She understood immediately. “Yes … but … but no one else knew. We thought she was ill … a fever … I feared it might have been tuberculosis. People with tuberculosis can have those flushed cheeks, the bright eyes. She looked so …”
“Wheeler knew.”
“Wheeler?” Again she was not afraid. She did not even consider it possible. “He would … never …”
“What?”
“He would never have hurt Ainsley.”
“What were you going to say, Mrs. Greville?”
“That once or twice I thought perhaps he did not like him, but he was far too well trained to show it, of course.” She shook her head to dismiss it. “It was just an impression I had. And he did not have to stay with us. He could easily have found a position elsewhere. He was excellent at his job.”
Pitt thought it was his feeling for Doll which had kept him in the house of a man he despised, perhaps even hated, but he did not say so. He would have Tellman make sure Wheeler’s time was as closely accounted for as they had supposed.
There was a knock on the door.
“Come in,” Eudora said reluctantly.
Justine appeared, followed immediately by Charlotte. They both looked flushed and tired, as if they had been too close to the withdrawing room fire and had found the evening’s forced conversation trying. But even weary and with a few tendrils of her hair escaping Gracie’s coiffure, Charlotte looked marvelous in the blue silk gown. It was one of Vespasia’s. Pitt wished he could afford to buy his wife clothes like that. Again he was reminded how naturally she fitted in here. It was the life she could so easily have had if she had married a man of her own social station, or rather better, as Emily had.
Justine was quick to notice Eudora’s pallor and the tension in her hands as they twisted together on her lap.
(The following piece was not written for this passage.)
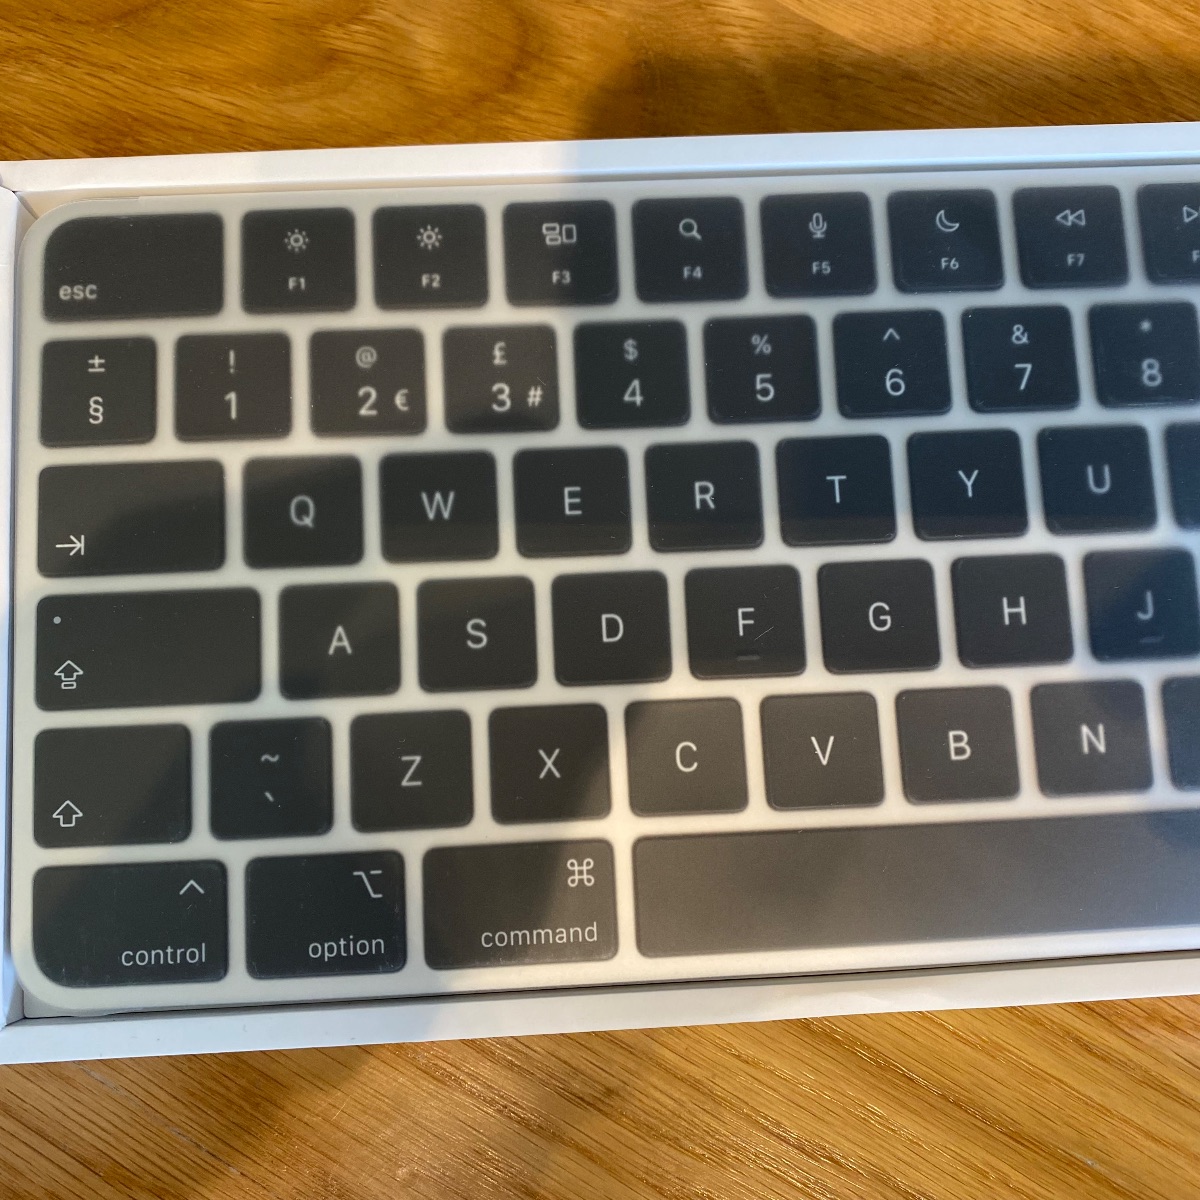 Apple Magic Keyboard with Touch ID and Numeric Keypad Black British UK M1 Silico Mmmr3b/a 19452986868 (Brand New & Sealed)

She came over immediately, filled with concern.
Charlotte remained in the doorway. She had the feeling that she and Justine had intruded. It was not specific, just a look on Pitt’s face and something of regret in Eudora, a way in which she turned back to him before speaking to Justine.
She asked Pitt about it later, when they were preparing to go to bed. She tried to sound casual. As usual he was ready before she was. Gracie had gone, and Charlotte was combing her hair. There were considerable knots to get out after the way it had been dressed, and they would be worse by morning. Also there was rose milk to smooth into her skin, and she loved the luxurious feel of that, whether it did any good or not.
“Eudora seemed distressed,” she said, avoiding meeting Pitt’s eyes in the glass. He had already told her what little had transpired in his meeting in London, but she knew there was something else since then, something which had moved him far more deeply. “What have you discovered since you returned home?” she asked.
He looked so weary there were shadows around his eyes, and he sat up against the pillows awkwardly. He was still very stiff.
“Greville forced himself on Doll and got her with child,” he said quietly. “Then he insisted she do away with it or he would have her put out on the street with nothing.”
Charlotte froze. She heard the rage in his voice, but it barely matched the horror she felt, as if something icy had torn a wound inside her. She thought of her own children. She remembered the first time she had held Jemima, fragile, immeasurably precious, herself and yet not herself. She would have given her life to protect her daughter, given it without thought or hesitation. If Doll had killed Ainsley Greville, then Charlotte would do all she could to save her, let the law go to perdition.
She turned around slowly on the stool and stared at Pitt.
“Did she kill him?”
“Doll or Eudora?” he asked, staring at her.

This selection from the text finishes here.